Atire a primeira pedra quem nunca tirou uma soneca depois da aula. Mas ninguém precisa se sentir culpado: a neurociência tem a desculpa perfeita para fechar os olhos e descansar após um turno cansativo na escola ou na universidade. Pesquisadores da Universidade Federal do Rio Grande do Norte (UFRN) concluíram que a tão valorizada soneca ajuda a consolidar as memórias do que se aprende em sala de aula. Trocando em miúdos, dormir depois da aula ajuda a reforçar o que foi aprendido e mantém a memória viva por mais tempo.
Os pesquisadores fizeram uma série de testes com 584 alunos de 10 a 15 anos de sete escolas da cidade de Natal, no Rio Grande do Norte. Eles queriam avaliar o que estava sendo registrado na mente dos indivíduos em uma soneca logo após a aula. Para isso, dividiram as turmas em dois grupos – grupo soneca e grupo vigília – e, depois que o primeiro grupo tirava sonecas de 50 minutos a duas horas de duração, aplicaram testes com perguntas sobre o que havia sido exposto na classe, com temas que incluíam matemática, geografia e ciências.
Realizados em duas etapas com intervalo de cinco dias, os testes mostraram que o grupo soneca lembrava mais claramente do que foi visto nas aulas. “Concluímos que há um aumento de cerca de 10% na retenção da memória em crianças que cochilavam logo após a aula”, pontua Sidarta Ribeiro, neurocientista da UFRN e um dos autores do estudo, publicado na revista Frontiers in Systems Neuroscience.
Esta não foi a primeira vez que uma pesquisa demonstrou a relação entre sono e memória. “Já tínhamos mostrado em trabalhos anteriores, realizados em laboratório com roedores, que a soneca tem influência no mecanismo do cérebro responsável por consolidar memórias. Agora, vimos em crianças no ambiente escolar que a soneca aumenta a duração das memórias – o que é bem interessante: queremos que as crianças se lembrem do que aprendem”.
Ribeiro e sua equipe fazem parte de um grupo seleto de cientistas que já publicaram artigos sobre o sono na escola do ponto de vista da neurociência – há outra equipe de relevância nessa área, na Universidade de Massachusetts, Estados Unidos. O próximo passo do grupo da UFRN é entender os exatos mecanismos cerebrais que controlam a fixação de memórias durante o sono. “Queremos também expandir o número de indivíduos avaliados”, revela o neurocientista brasileiro.
Neurocientistas reunidos
Sidarta Ribeiro foi um dos pesquisadores que apresentou seus resultados no 9º Congresso Mundial do Cérebro (IBRO 2015), que aconteceu na semana passada no Rio de Janeiro. Outro trabalho apresentado pela UFRN foi o do argentino Martín Cammarota, que busca compreender os mecanismos de persistência da memória, isto é, como as lembranças se fixam no cérebro.
Para isso, Cammarota realizou uma série de experimentos em ratos, buscando identificar os fatores que podem induzir o esquecimento de informações durante o sono. Sua principal hipótese é que a extinção de memórias não é simplesmente um esquecimento, mas um fenômeno decorrente da criação de uma nova memória, que compete com a primeira para determinar o comportamento do indivíduo. O pesquisador avalia os mecanismos bioquímicos por trás desse processo e, no futuro, pretende realizar testes semelhantes em humanos.
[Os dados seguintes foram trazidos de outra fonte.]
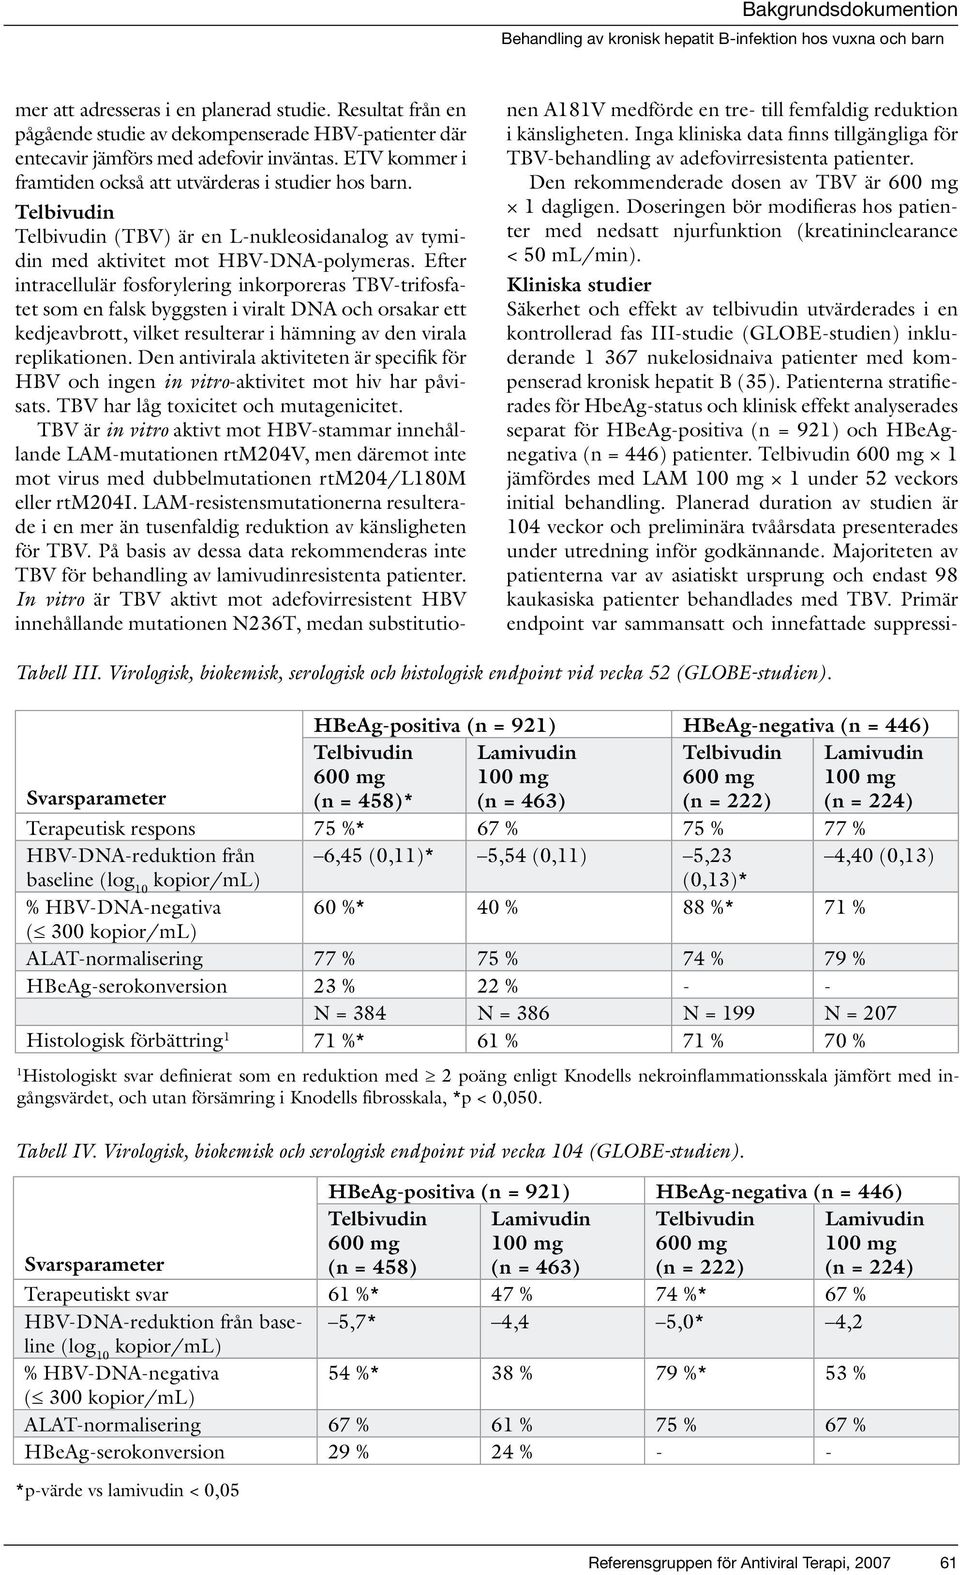 Kliniska studier Säkerhet och effekt av telbivudin utvärderades i en kontrollerad fas III-studie (GLOBE-studien) inkluderande 1 367 nukelosidnaiva patienter med kompenserad kronisk hepatit B (35).
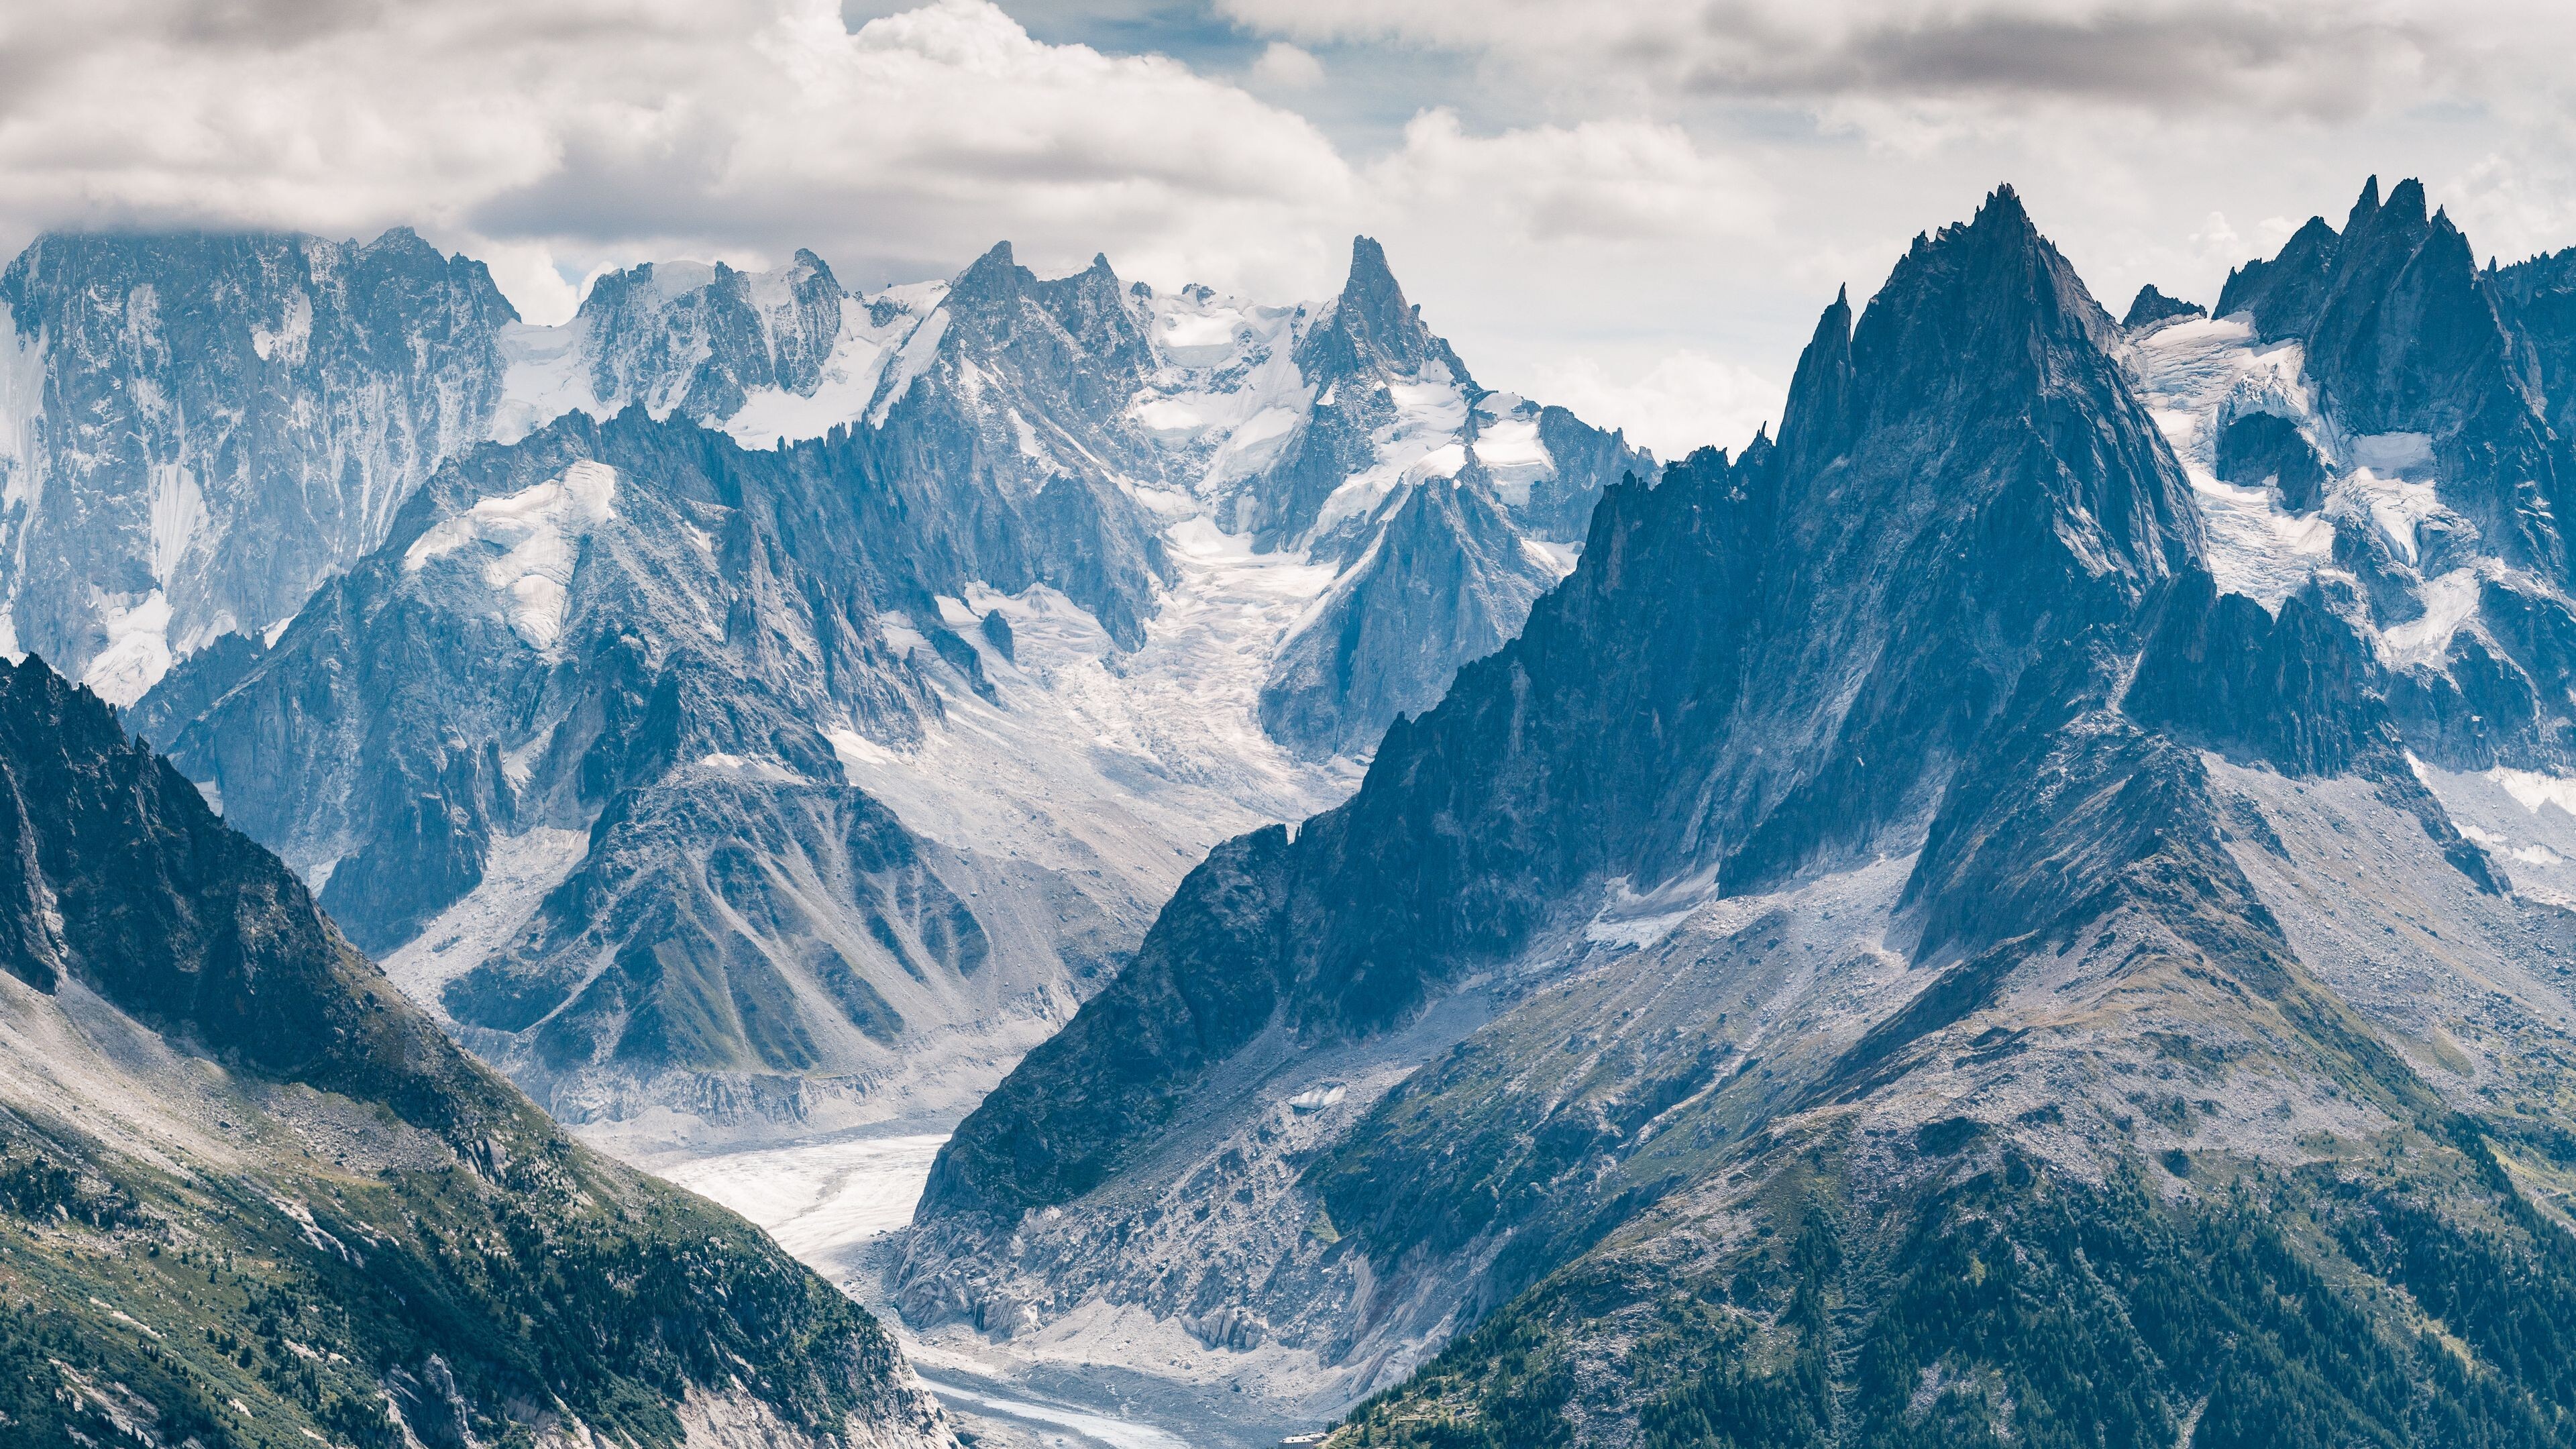 Glacier: Chamonix-Mont-Blanc, Mer de Glace, France, Mountain range, Snow. 3840x2160 4K Wallpaper.

Já na Alemanha, o neurocientisa Jan Born, da Universidade de Tubingen, usa testes em ratos para desvendar o mecanismo por trás da consolidação de lembranças. Ele observou que o sono atua como diferencial na formação das memórias, principalmente aquelas de longo prazo. Agora, avalia o funcionamento do hipocampo – principal sede da memória no cérebro – nesse processo durante uma noite de sono.
As relações entre sono, estresse e memórias emocionais são o objeto de estudo da neurocientista Jéssica Payne, da Universidade de Notre Dame, nos Estados Unidos. Seus resultados apontam que dormir ajuda a moldar as memórias de momentos que causaram fortes emoções, sejam elas negativas ou positivas. Descobriu, já com testes em humanos, que gravamos em nossa mente os aspectos que mais nos chamam atenção em uma cena – como a arma na mão do ladrão, em um assalto. O próximo passo é compreender como isso ocorre em nosso cérebro.
Para Payne, ainda há muitas perguntas a serem respondidas, mas o caminho trilhado por cientistas brasileiros é interessante. “Acredito que as pesquisas que estão sendo feitas no Brasil acerca do sono e memória são extremamente promissoras”, comenta a neurocientista.